Von Burkhard Müller-Ullrich | 06.12.2013
    In jedem politischen Sprachbaukasten gehören die Vorsilben"Kultur-"und"Sozial-"zur Grundausstattung, und zwar dutzendfach. Denn wer auch nur eine kurze Rede zu irgendwelchen Fragen der Stadtentwicklung, der Generationengerechtigkeit oder der Wirtschaftsförderung zu halten hat, kommt ohne dutzendfaches"Kultur-"und"Sozial-"einfach nicht aus. Kein Satz klingt so durchdacht und überzeugend, so tief und zustimmungsverpflichtend wie beispielsweise:"Ich gehe von einem sozialen Kulturbegriff aus, der sich auf das Zusammenleben von Menschen auf einem bestimmten Terrain zu einer bestimmten Zeit bezieht.
    "Da schmilzt das Publikum dahin, da tobt jeder Saal vor Begeisterung. Und wenn es anschließend heißt:"Kulturbezogenes politisches Handeln muss immer auf eine Verbesserung der sozialen Verhältnisse ausgerichtet sein“, dann bleibt kein Auge trocken und die Wiederwahl in sechs Jahren ist so gut wie gesichert.
    Ungefähr dies dürfte jedenfalls den Frankfurter Oberbürgermeister Peter Feldmann bewogen haben, sich mit einem langen Thesenpapier auf das spiegelglatte Parkett der Kulturpolitik zu begeben. Feldmann ist Sozialdemokrat, und wahrscheinlich wäre es ihm lieber, wenn die SPD Kulturdemokratische Partei Deutschlands hieße, denn"Kultur-"und"Sozial-"gehen ja für ihn immer Hand in Hand.
    Früher war das, zumal in Frankfurt, selbstverständlich. Früher war der gesamte Kulturbetrieb links, und der einstige SPD-Kulturdezernent Hilmar Hoffmann wurde mit der Devise"Kultur für alle"zum Heiligen der Kulturnation. Doch inzwischen hat man, zumal in Frankfurt, festgestellt, dass jegliche Art von Kulturleben hauptsächlich von der bürgerlichen Mitte getragen wird, dass sogar unter Kulturschaffenden ein ganz SPD-unkonformes Elitedenken vorherrscht und dass jegliche Politisierung von Kultur zu nichts anderem führt als Qualitätsverlust.

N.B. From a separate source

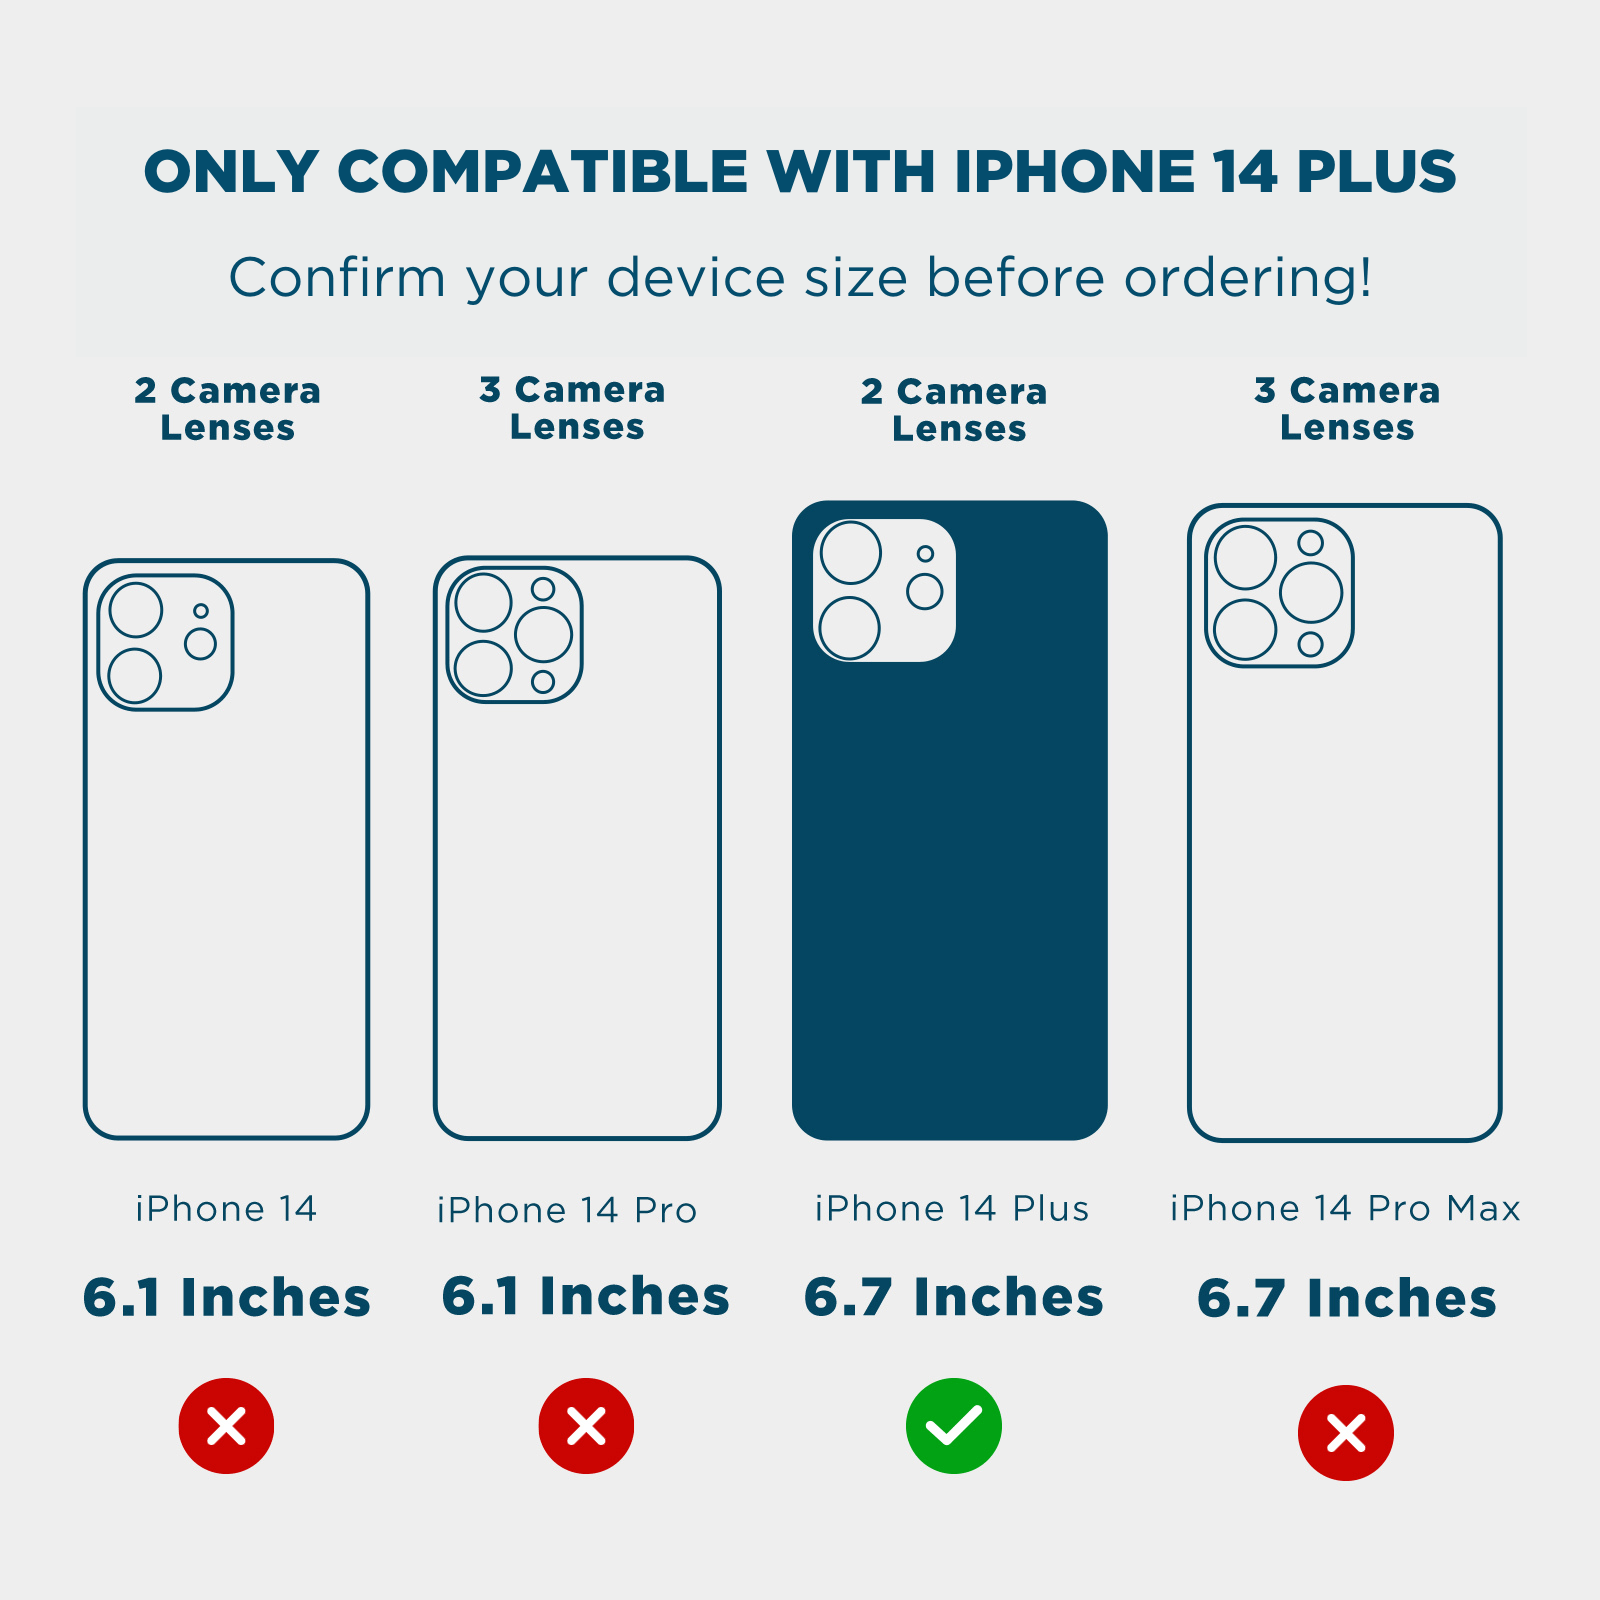 ONLY COMPATIBLE WITH IPHONE 14 PLUS. CONFIRM YOUR DEVICE SIZE BEFORE ORDERING! 2 CAMERA LENSES, 3 CAMERA LENSES, 2 CAMERA LENSES, 3 CAMERA LENSES, 6.1 INCHEC, 6.1 INCHES, 6.7 INCHES, 6.7 INCHES. COLOR::BLACK

    Vor diesem Hintergrund ist es schon ziemlich tollkühn von Feldmann, sein Banausentum mit einer Handvoll Thesen auszustellen, deren wichtigste da lauten:"Kultur ist Teil der Sozialpolitik.“"Kultur ist Verbreiterung, nicht Elitisierung."Und:"Kultur ist nicht Kunst."Ja, die Grenzen zwischen Hoch- und Breitenkultur sollen noch fließender werden – jedenfalls bei der öffentlichen Förderung von Kulturangeboten. Das ist, als sollte künftig in jedem Nobelrestaurant auch Ketchup auf den Tisch gestellt werden, weil doch erwiesenermaßen immer mehr Leute Fast-Food essen.
    Es ist ja wahr: Das Bildungsbürgertum mit seinen festen Standards hat sich in Spaßgesellschaft, Wellnessmanagement und Eventprogrammen aufgelöst. Jetzt konkurrieren alle Veranstalter um dasselbe Geld- und Zeitbudget der irgendwie und im allerweitesten Sinn kulturinteressierten Kundschaft. Deshalb - und jetzt kommt der Höhepunkt von Feldmanns Formulierungskunst –"ist Kulturpolitik umso erfolgreicher, je mehr sie sich als Bildungsaufgabe und Schmiermittel sozialer Infrastruktur, Wirtschaftsförderer und Integrationsmotor, Stadtentwicklungsprogramm und Präventionsstelle versteht."(Zitatende).
    Was für ein schmieriger Text über Kulturpolitik als Schmiermittel! Eines der ältesten Frankfurter Privattheater heißt"Die Schmiere“. Aber das ist ein Keller-Kabarett – und kommt ganz ohne Subventionen aus.